Be clear about what the standard deviation is across. In this example, the standard deviation is across the rows inside each model, condition, and window group.

In [6]:

summary = (
    raw
    .groupby(["model", "condition", "window"], as_index=False)["metric"]
    .agg(metric_mean="mean", metric_std="std")
)

summary["cell"] = summary.apply(
    lambda row: f"{row['metric_mean']:.3f} ± {row['metric_std']:.3f}",
    axis=1
)

summary.head(12)

Out[6]:

	model	condition	window	metric_mean	metric_std	cell
0	model_a	condition_1	long	4.865	0.549675	4.865 ± 0.550
1	model_a	condition_1	short	4.785	0.549675	4.785 ± 0.550
2	model_a	condition_2	long	4.615	0.549675	4.615 ± 0.550
3	model_a	condition_2	short	4.535	0.549675	4.535 ± 0.550
4	model_a	condition_3	long	4.445	0.549675	4.445 ± 0.550
5	model_a	condition_3	short	4.365	0.549675	4.365 ± 0.550
6	model_b	condition_1	long	4.715	0.549675	4.715 ± 0.550
7	model_b	condition_1	short	4.635	0.549675	4.635 ± 0.550
8	model_b	condition_2	long	4.465	0.549675	4.465 ± 0.550
9	model_b	condition_2	short	4.385	0.549675	4.385 ± 0.550
10	model_b	condition_3	long	4.295	0.549675	4.295 ± 0.550
11	model_b	condition_3	short	4.215	0.549675	4.215 ± 0.550

In [7]:

summary_path = outputs_dir / "grouped_metric_summary.csv"
summary.to_csv(summary_path, index=False)

print(summary_path)

outputs/statistical_tests_reference/grouped_metric_summary.csv

If the input rows are already averaged values, the standard deviation is not a raw observation-level standard deviation.

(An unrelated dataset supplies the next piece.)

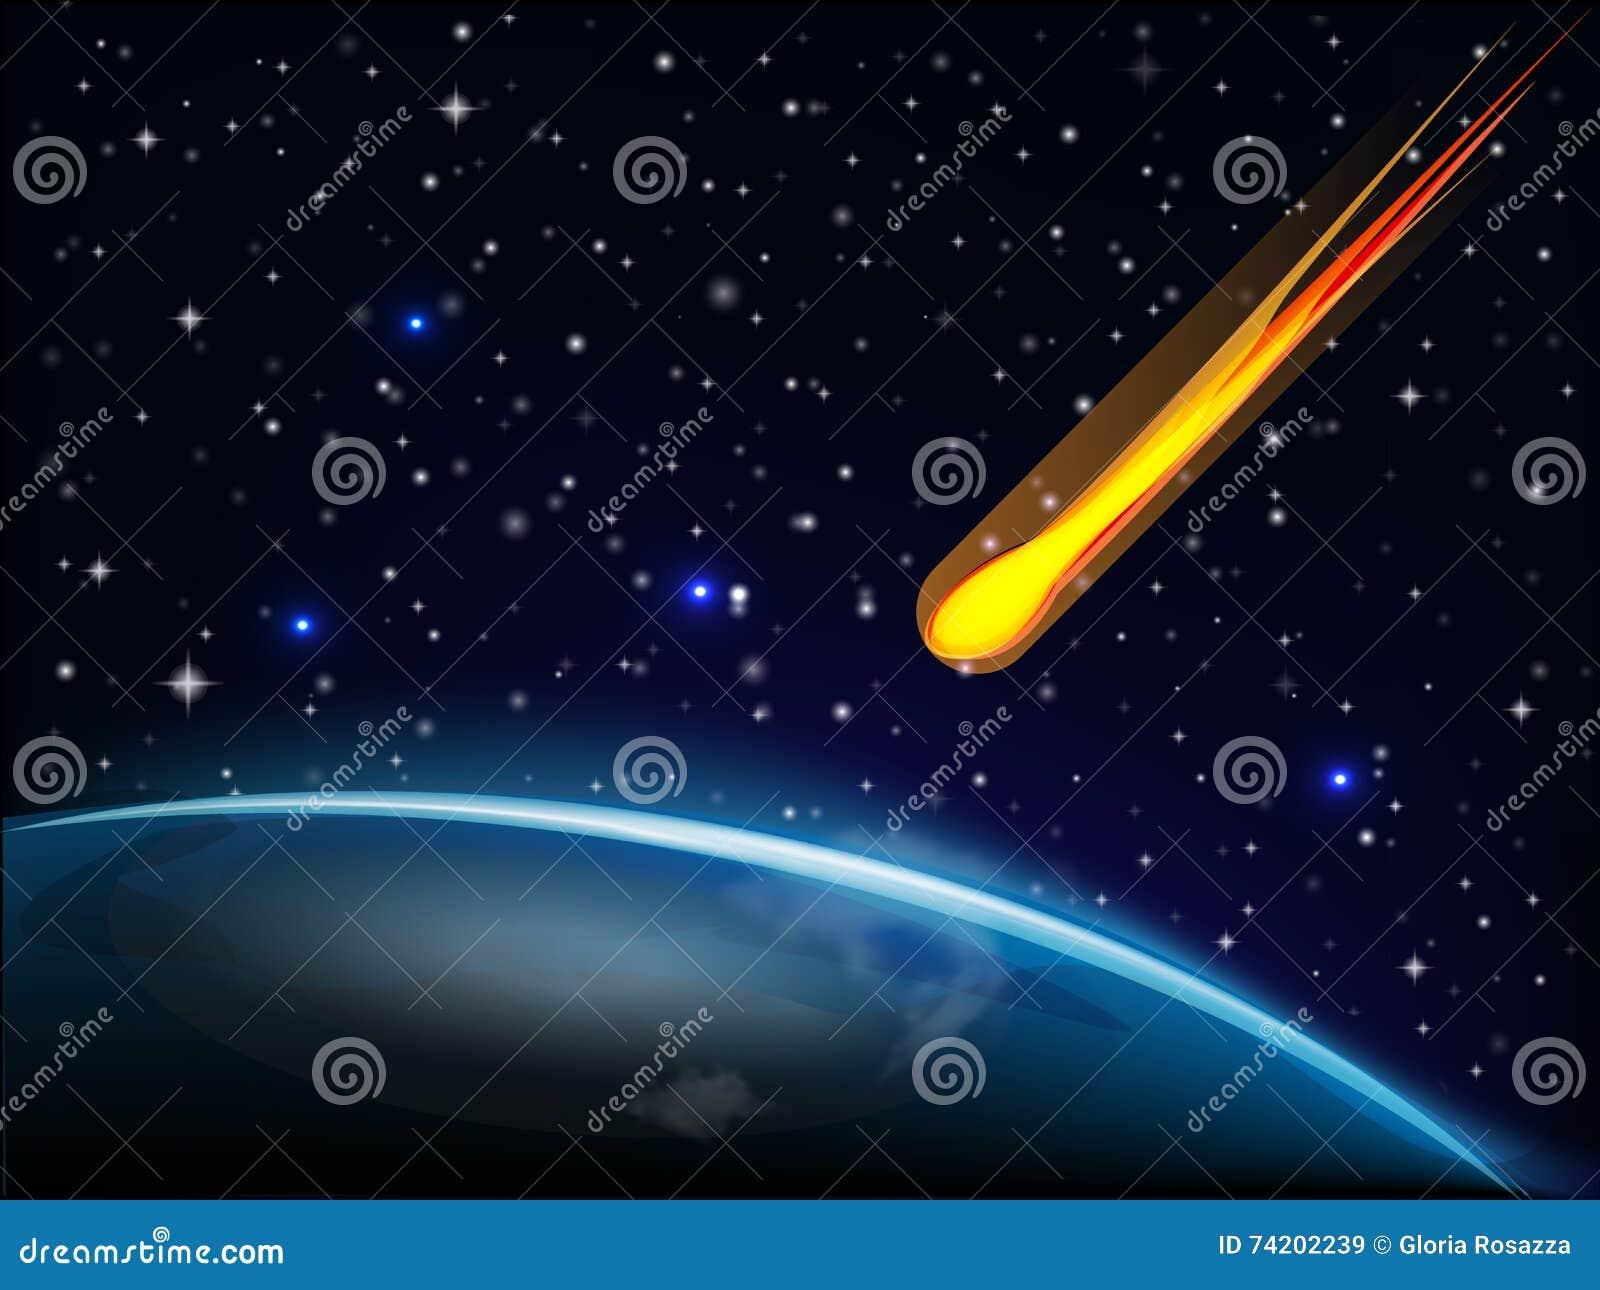 fireball falling on earth stock vector illustration of burning
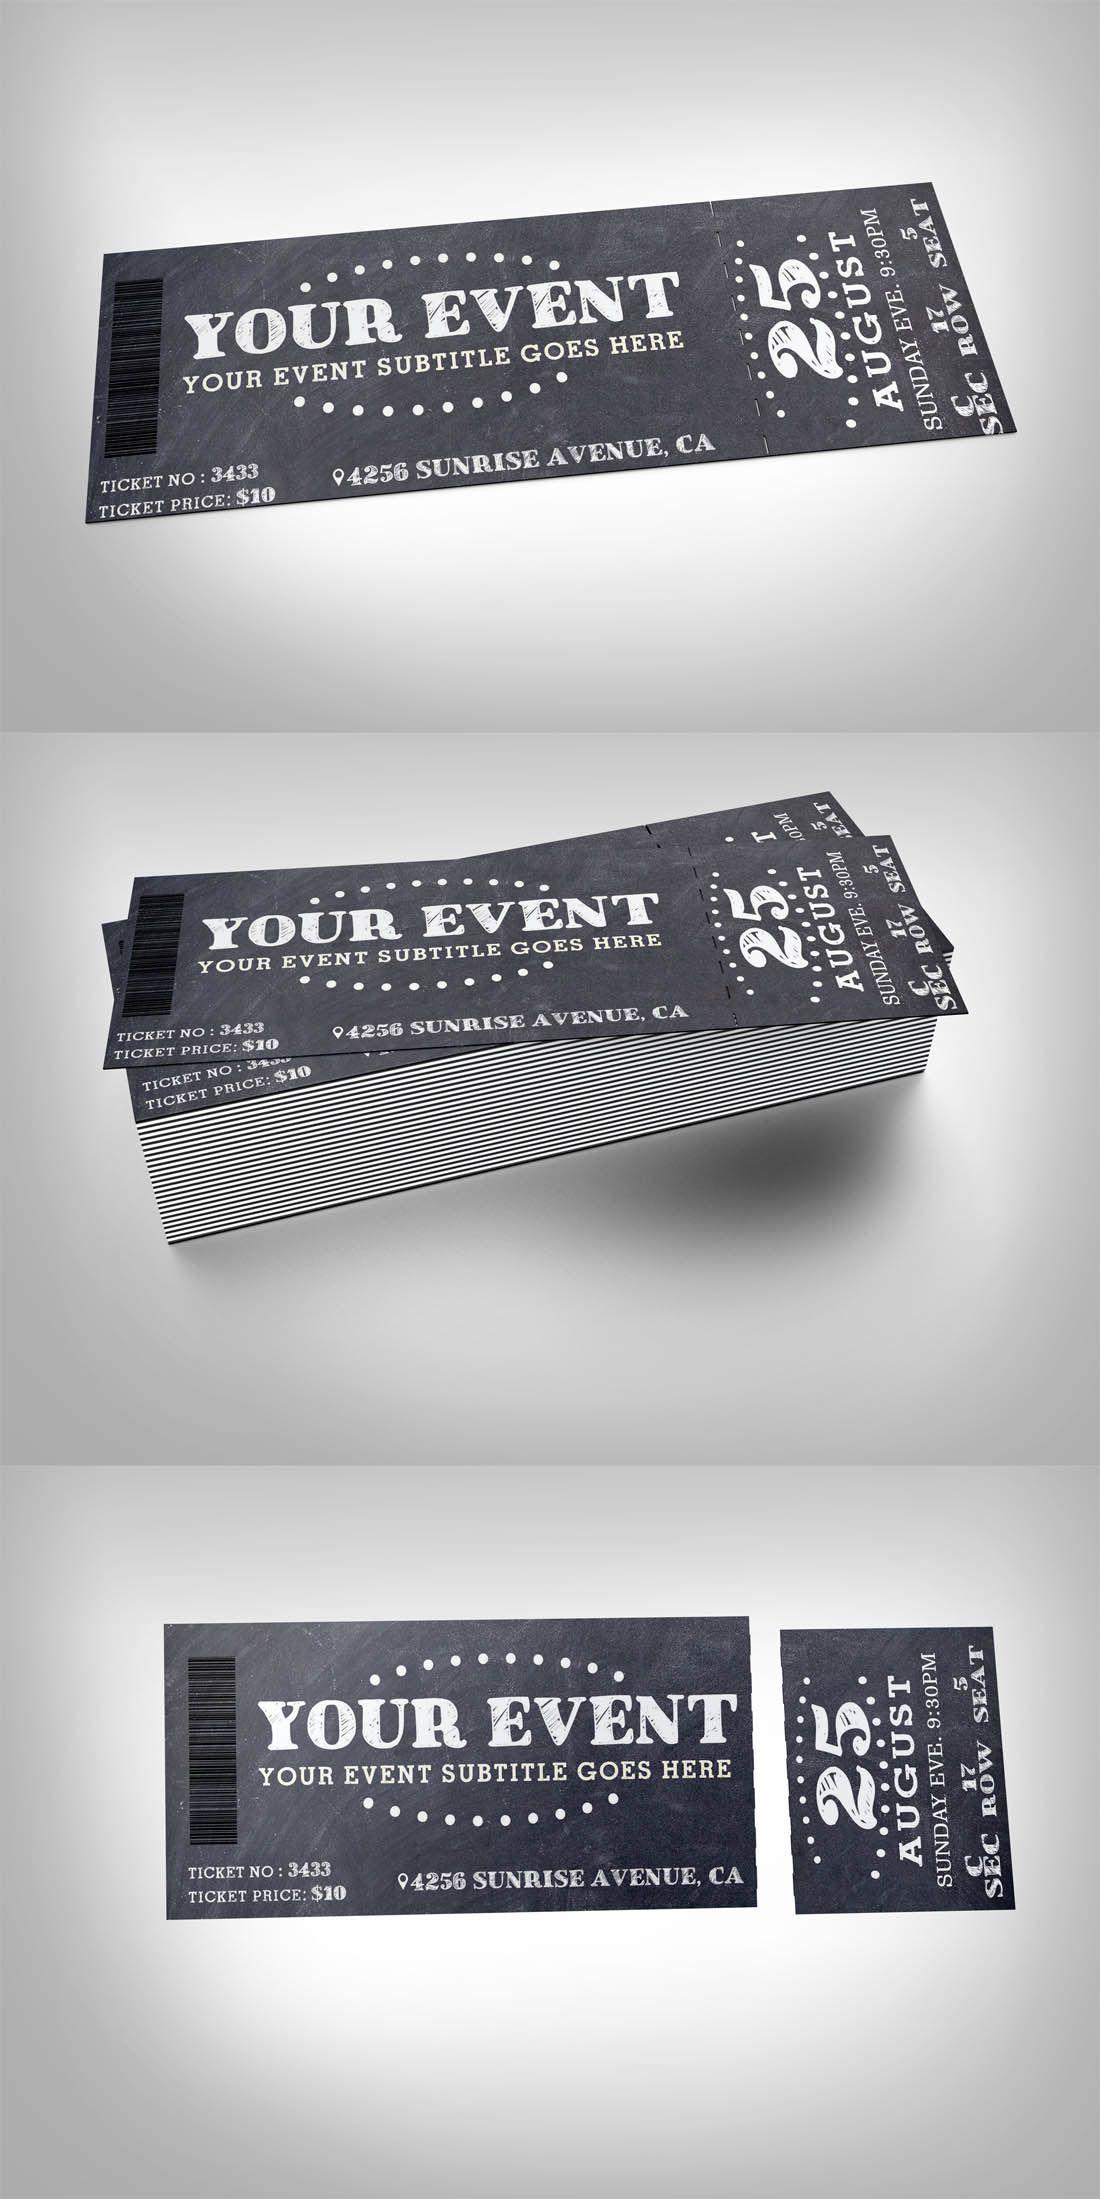 Chalkboard Event Ticket Template Design Buy Now Https Creativemarket Com Studioweb 339238 Chalkbo Event Tickets Design Ticket Design Ticket Design Template

The table label should state the aggregation unit clearly.

Friedman test across several paired conditions

The Friedman test is a rank-based repeated-measures test.

Use it when the same units are measured under three or more conditions.

In [8]:

stat, p_value = friedmanchisquare(
    wide["condition_1"].values,
    wide["condition_2"].values,
    wide["condition_3"].values,
)

print("Friedman statistic:", round(stat, 6))
print("p-value:", round(p_value, 6))

Friedman statistic: 16.0
p-value: 0.000335

The Friedman test gives one overall p-value.

It asks whether the condition columns have a systematic rank difference. It does not say which specific condition pair is different.

Friedman interpretation table

In [9]:

friedman_reference = pd.DataFrame({
    "part": [
        "Null hypothesis",
        "Alternative",
        "Input",
        "Output",
        "Next step",
    ],
    "meaning": [
        "The paired conditions have no systematic rank difference.",
        "At least one condition differs in rank pattern.",
        "Three or more paired columns.",
        "One statistic and one p-value.",
        "Use paired follow-up tests if the result is significant.",
    ],
})

friedman_reference

Out[9]:

	part	meaning
0	Null hypothesis	The paired conditions have no systematic rank ...
1	Alternative	At least one condition differs in rank pattern.
2	Input	Three or more paired columns.
3	Output	One statistic and one p-value.
4	Next step	Use paired follow-up tests if the result is si...

Wilcoxon signed-rank test

The Wilcoxon signed-rank test is a paired two-condition test.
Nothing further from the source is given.